Monday, March 30th, 2020 00:00 | By
Health CS Mutahi Kagwe addresses the media at Harambee House, in Nairobi. Photo/PD/JOHN OCHIENG

Eric Wainaina 

Dagoretti South MP John Kiarie  (popularly known as KJ) was yesterday summoned by police for allegedly peddling lies on coronavirus pandemic even as government warned that anyone who perpetuates falsehood will face the full force of the law.

Kiarie was summoned to Kabete Police Station where he was briefly held.

The MP, is reported to have claimed that about 7,000 people were being quarantined at a school in his constituency.

“We have 7,000 Kenyans in quarantine who arrived back between Wednesday and Sunday.

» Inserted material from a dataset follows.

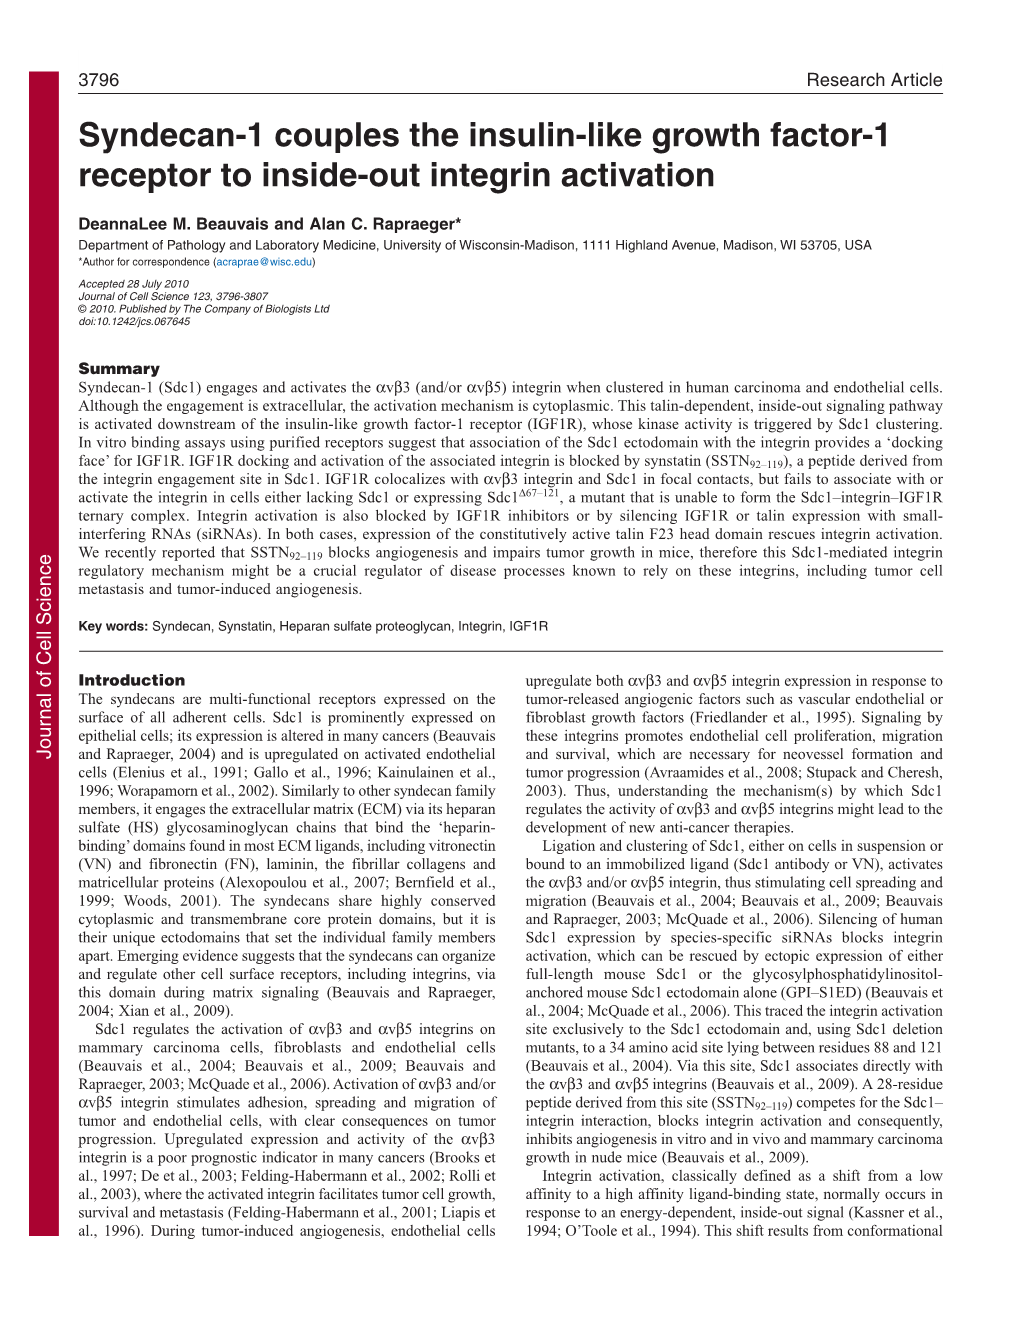 Syndecan-1 Couples the Insulin-Like Growth Factor-1 Receptor to Inside-Out Integrin Activation

In Dagoretti South constituency, we are hosting them at Lenana School and Kinyanjui Tech.

How they got there and the chaos therein is a story for another day,”  the MP tweeted yesterday.

And in his daily update on the disease yesterday evening, Health Cabinet Secretary Mutahi Kagwe warned the law would catch up with anyone peddling lies about Covid-19 and causing unnecessary panic.

Without mentioning Kiarie’s name, Kagwe said its was wrong for leaders to perpetuate falsehoods.

The CS said there were are only 2,050 people quarantined in 14 facilities. He also announced that four more cases had been confirmed, bringing the total to 42. The number of the contact persons had risen to 1,426, he said.

More facilities

“Trying to gain political mileage out of a disease is as immoral as anyone could ever imagine.

It is the worst of what we can see in terms of political maneuver. It’s wrong, it symbolises everything that is wrong in our society,” Kagwe said.

At the same time, the Cabinet Secretary said the government was expanding isolation centre capacity in the counties and invited the private sector and communities to identify areas that can be used as isolation centres should the numbers exceed the capacity of existing facilities.

Kagwe said global trends were a pointer to what is likely to happen in Kenya if there is complicity in adhering the measures the government has put in place

 “There is no country that has managed to contain this disease on just existing health facilities and we know that going forward it is indeed very likely that our health facilities can and could be overrun by the demand and this is why we are saying that this is not a government issue alone,” he said.

He added: “The British National Health Service has been overrun by the demands of the illness.

If in Italy it has happened and even in America they are saying they lack this or the other, isn’t it realistic to imagine that it could also happen here?” he said.